2. Sample size used for the test set and the data provenance
- Sample size: Not specified in terms of patient or case numbers. The evaluation of the HiFlowO2 feature was conducted via a bench test. Bench tests typically involve testing the physical device's performance under simulated conditions, not using patient data.
- Data provenance: Not applicable in the context of patient data, as the testing was non-clinical (bench testing).
3. Number of experts used to establish the ground truth for the test set and the qualifications of those experts
- Not applicable. The ground truth for a bench test typically involves calibrated measurement equipment and engineering standards, not expert human interpretation of medical cases.
4. Adjudication method for the test set
- Not applicable. This type of testing does not involve human adjudication of medical findings.
5. If a multi reader multi case (MRMC) comparative effectiveness study was done, If so, what was the effect size of how much human readers improve with AI vs without AI assistance
- No. This is a submission for a ventilator with a new therapy type, not an AI diagnostic device.
6. If a standalone (i.e. algorithm only without human-in-the-loop performance) was done
- Not applicable. This is for a medical device (ventilator), not an algorithm that performs a diagnostic or predictive function. The "study" mentioned is a bench test to verify the physical performance of the ventilator with its new feature.
7. The type of ground truth used
- For the bench test of the HiFlowO2 feature: The "ground truth" would be the measured physical outputs (flow rates and oxygen concentrations) from the Hamilton-C3 device, compared against the specifications and expected performance based on the reference device (HAMILTON-G5) and engineering principles. This is not medical ground truth like pathology or expert consensus.
- For software validation and overall device compliance: The "ground truth" is adherence to established international standards (e.g., IEC 60601 series, ISO 80601 series, IEC 62304) and internal design specifications.
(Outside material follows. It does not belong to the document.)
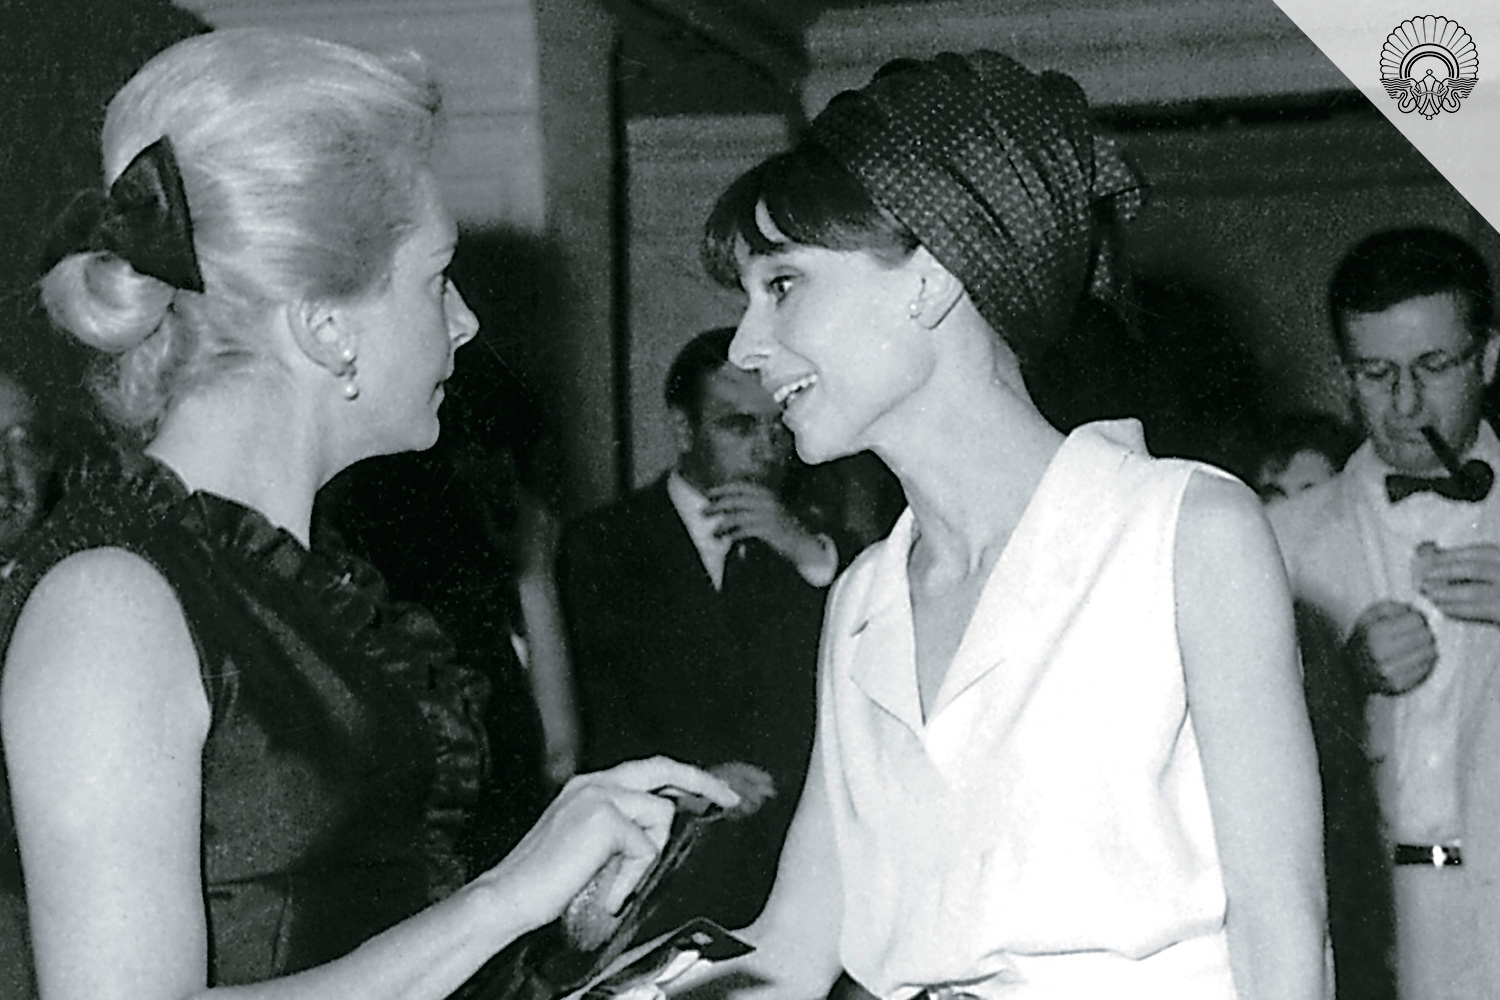 El saludo entre Deborah Kerr y Audrey Hepburn, un momento emblemático

8. The sample size for the training set
- Not applicable. There is no AI model or algorithm being "trained" in the context of this regulatory submission based on the provided text.
9. How the ground truth for the training set was established
- Not applicable, as there is no training set.
§ 868.5895 Continuous ventilator.
(a)
Identification. A continuous ventilator (respirator) is a device intended to mechanically control or assist patient breathing by delivering a predetermined percentage of oxygen in the breathing gas. Adult, pediatric, and neonatal ventilators are included in this generic type of device.(b)
Classification. Class II (performance standards).